毎日新聞 2015年05月31日 23時22分(最終更新 05月31日 23時22分)

 「世界の水銀対策をリードする」。望月義夫環境相は31日の新潟水俣病公式確認50年式典で、世界的に水銀の製造や輸出入を規制する水俣条約の早期締結に向け決意を述べた。

 先進国では水銀の使用量は減ったが、途上国では今も水銀は体温計や血圧計などに使われている。小規模金採掘で利用された水銀は環境中に排出され、健康被害が出ており、世界が協力して規制に動き出した。だが、水銀の健康被害の全容はいまだに解明されていない。

 世界保健機関(WHO)は、成人の毛髪に含まれる水銀濃度が50ppm以上になると神経症状が表れる可能性があるとする。環境省も「世界的に合意された数字」との見解だ。

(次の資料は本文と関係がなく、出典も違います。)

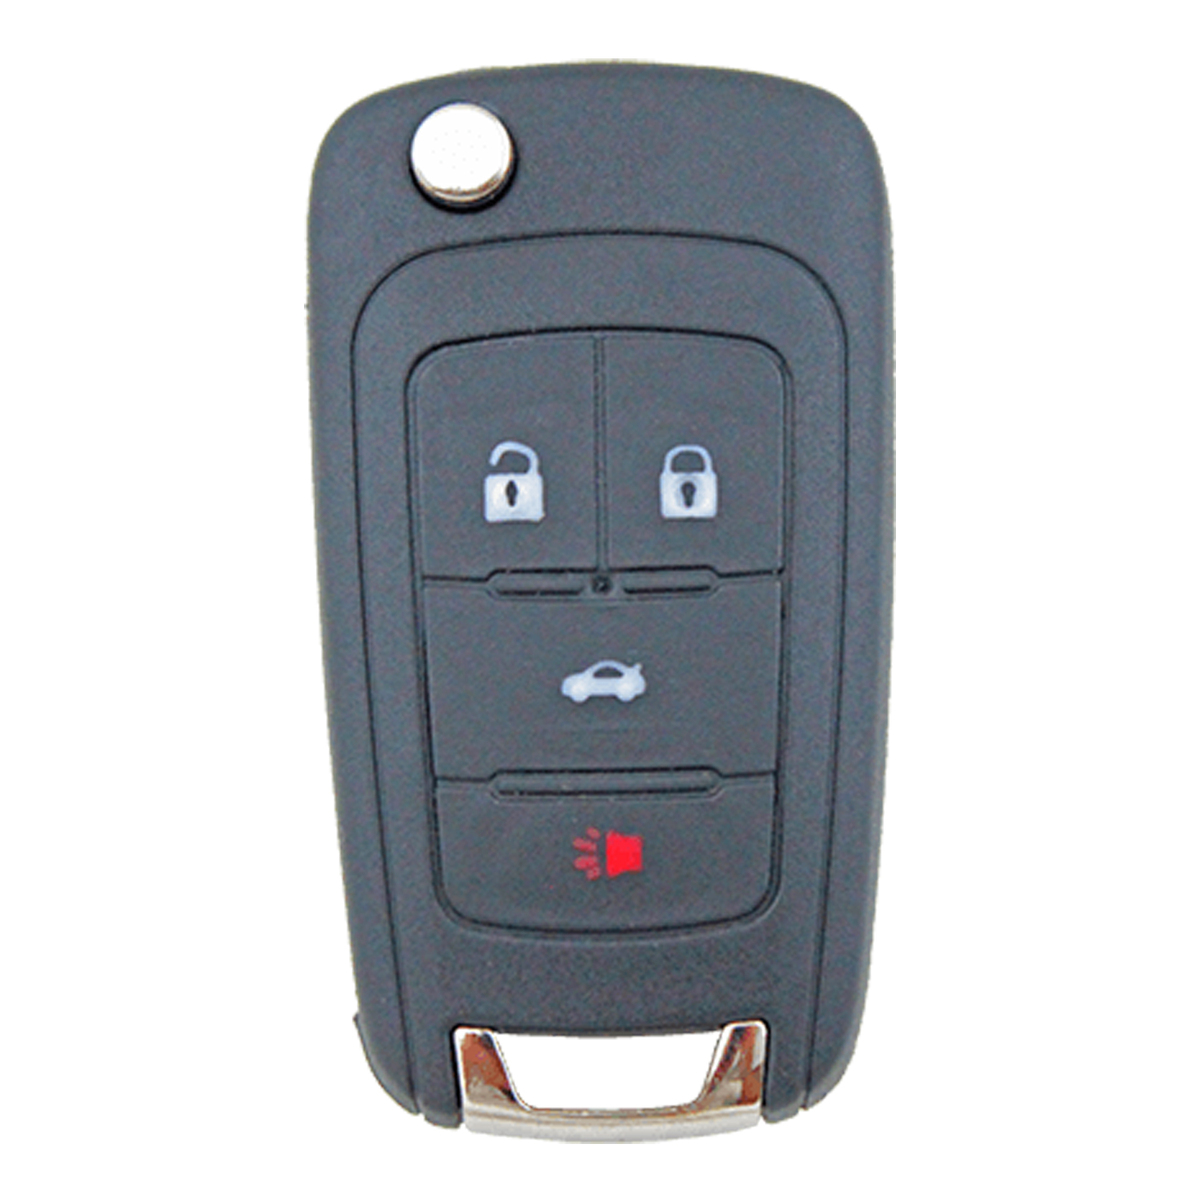 Genuine Holden 4 button remote flip Key 433MHz to suit VF
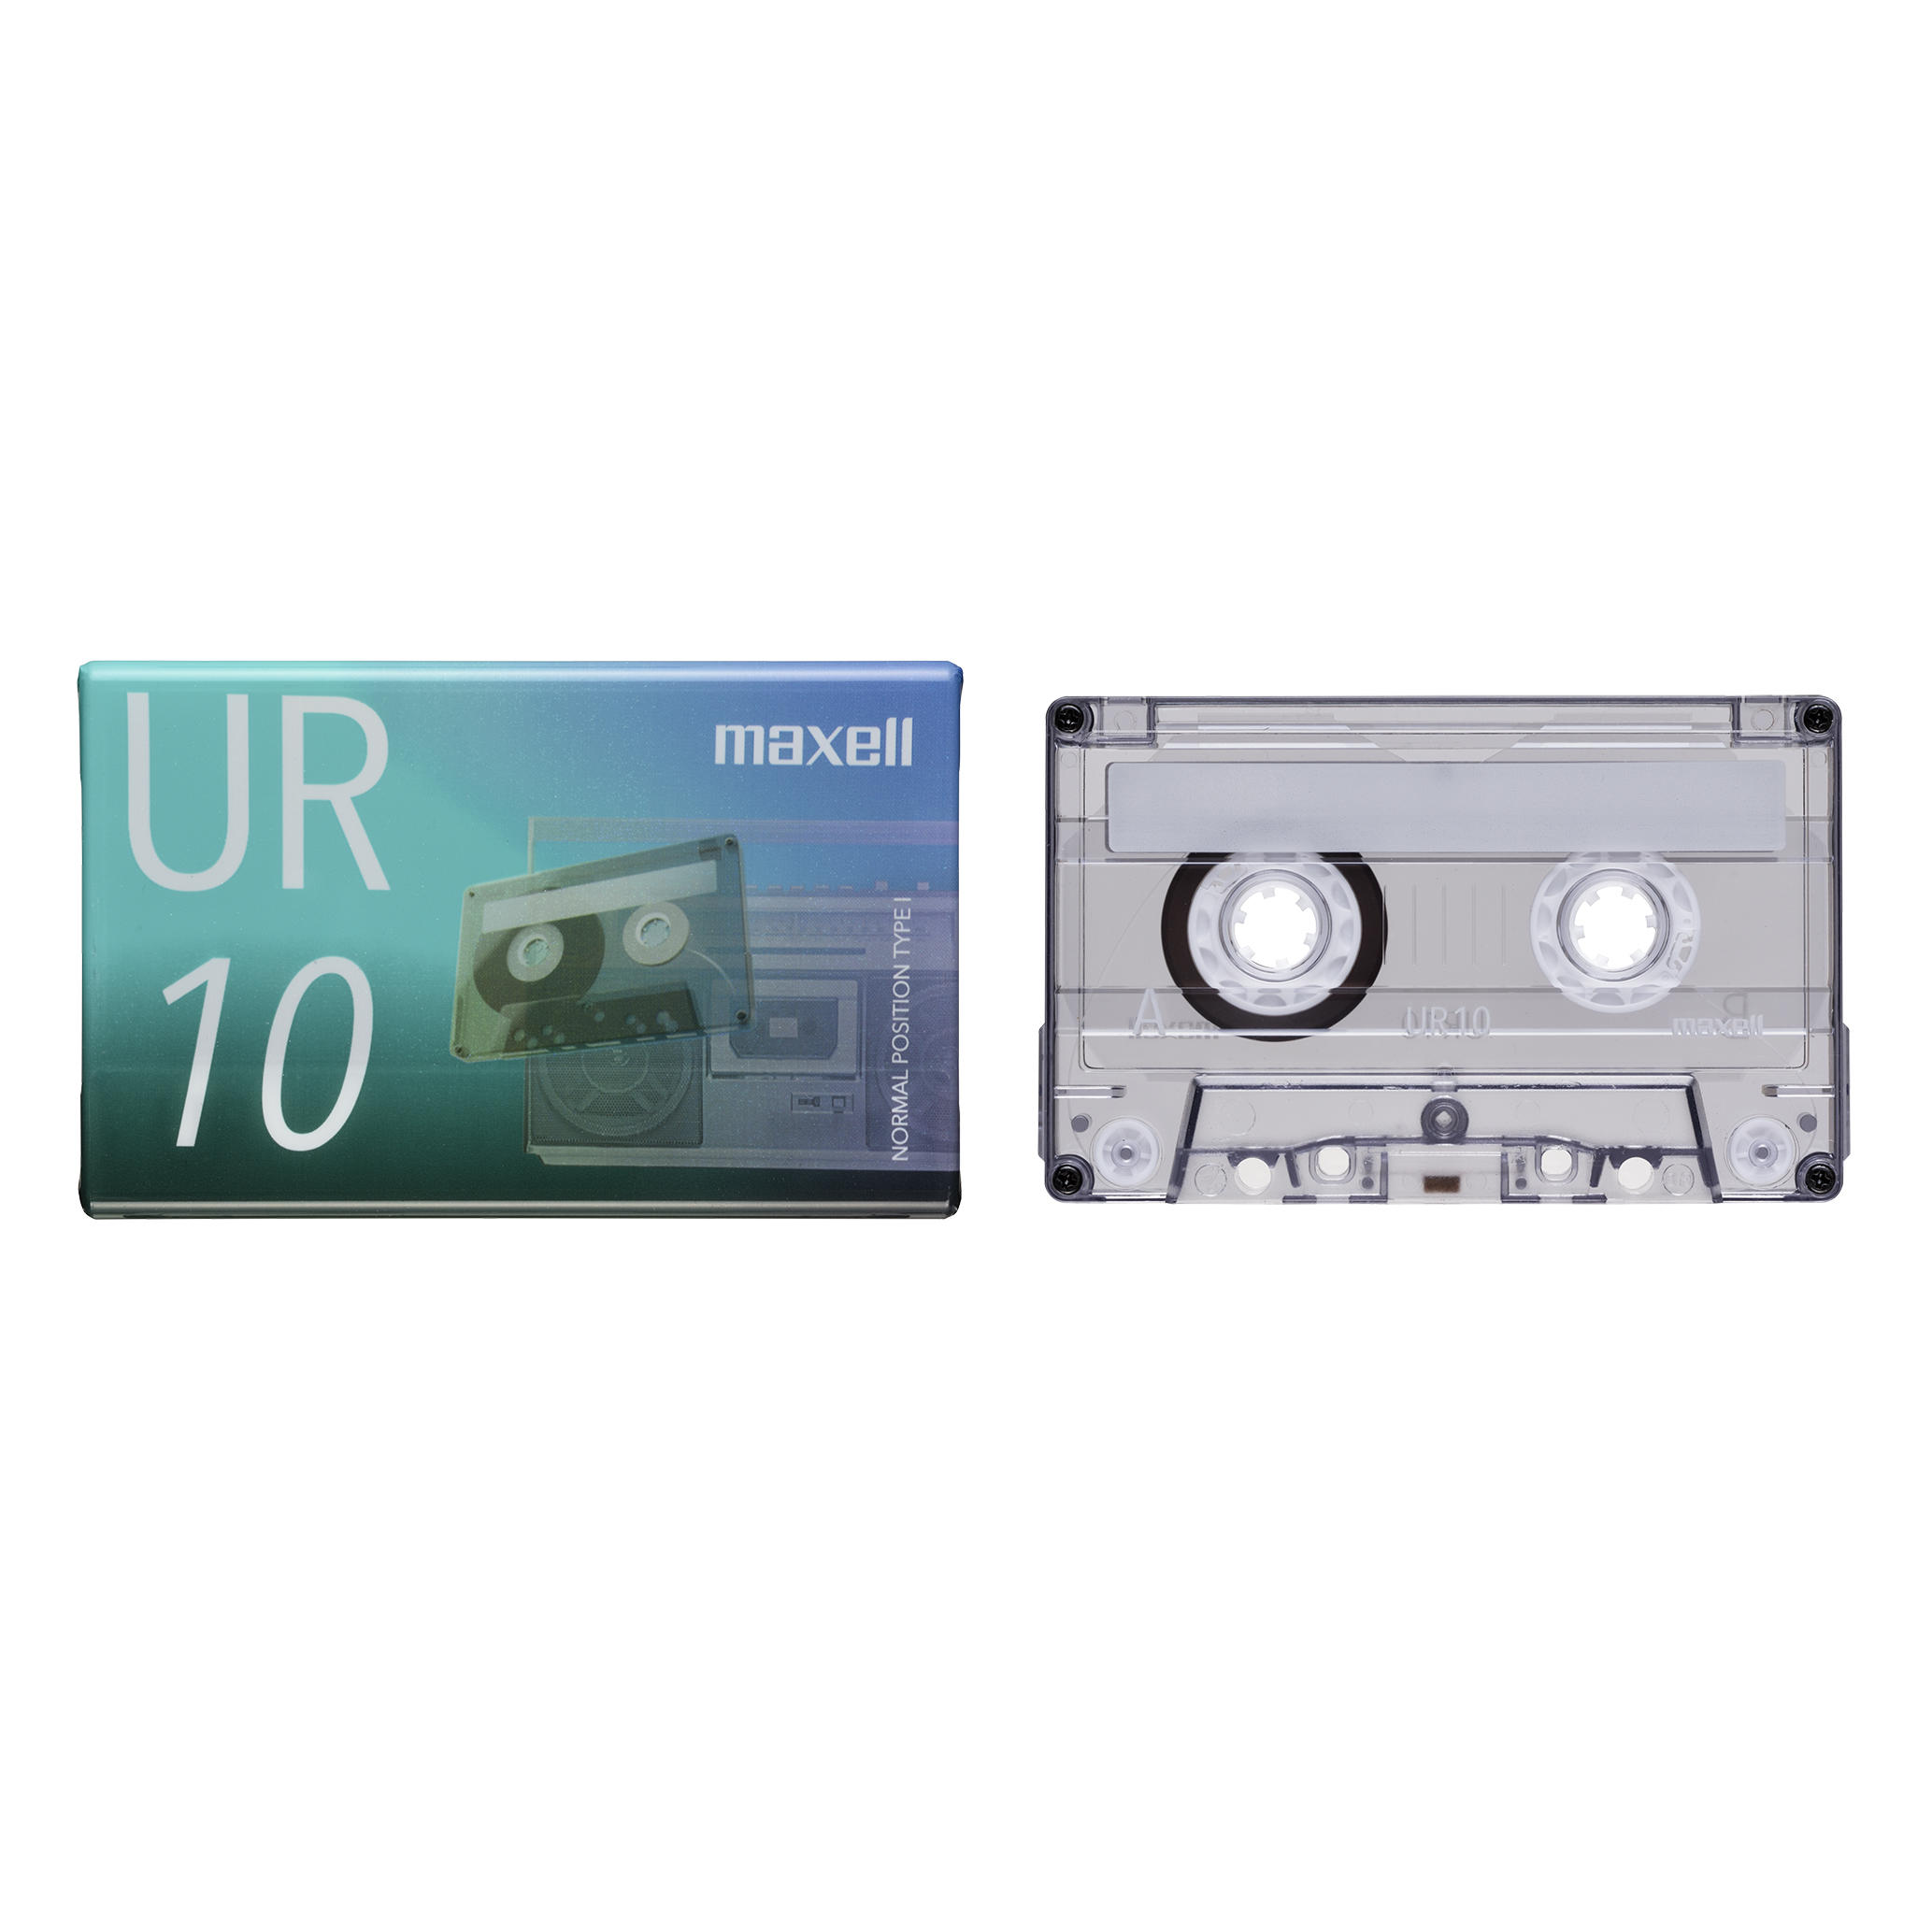 684円 人気商品ランキング maxell 録音用 カセットテープ ノーマル Type1 90分 3巻 UR-90L 3P

 しかし、新潟青陵大福祉心理学部の丸山公男教授(精神医学)は、新潟大などが1965年に実施した住民調査を改めて調べた結果、手足のしびれなどの神経症状が出た成人の新潟水俣病患者103人のうち、48人が毛髪水銀濃度が50ppm未満だったとの論文をまとめ2012年に米医学誌に発表した。

 今年3月の新潟水俣病3次訴訟新潟地裁判決では、水銀摂取後、40年以上経過して発症する「遅発性水俣病」の可能性が初めて認められた。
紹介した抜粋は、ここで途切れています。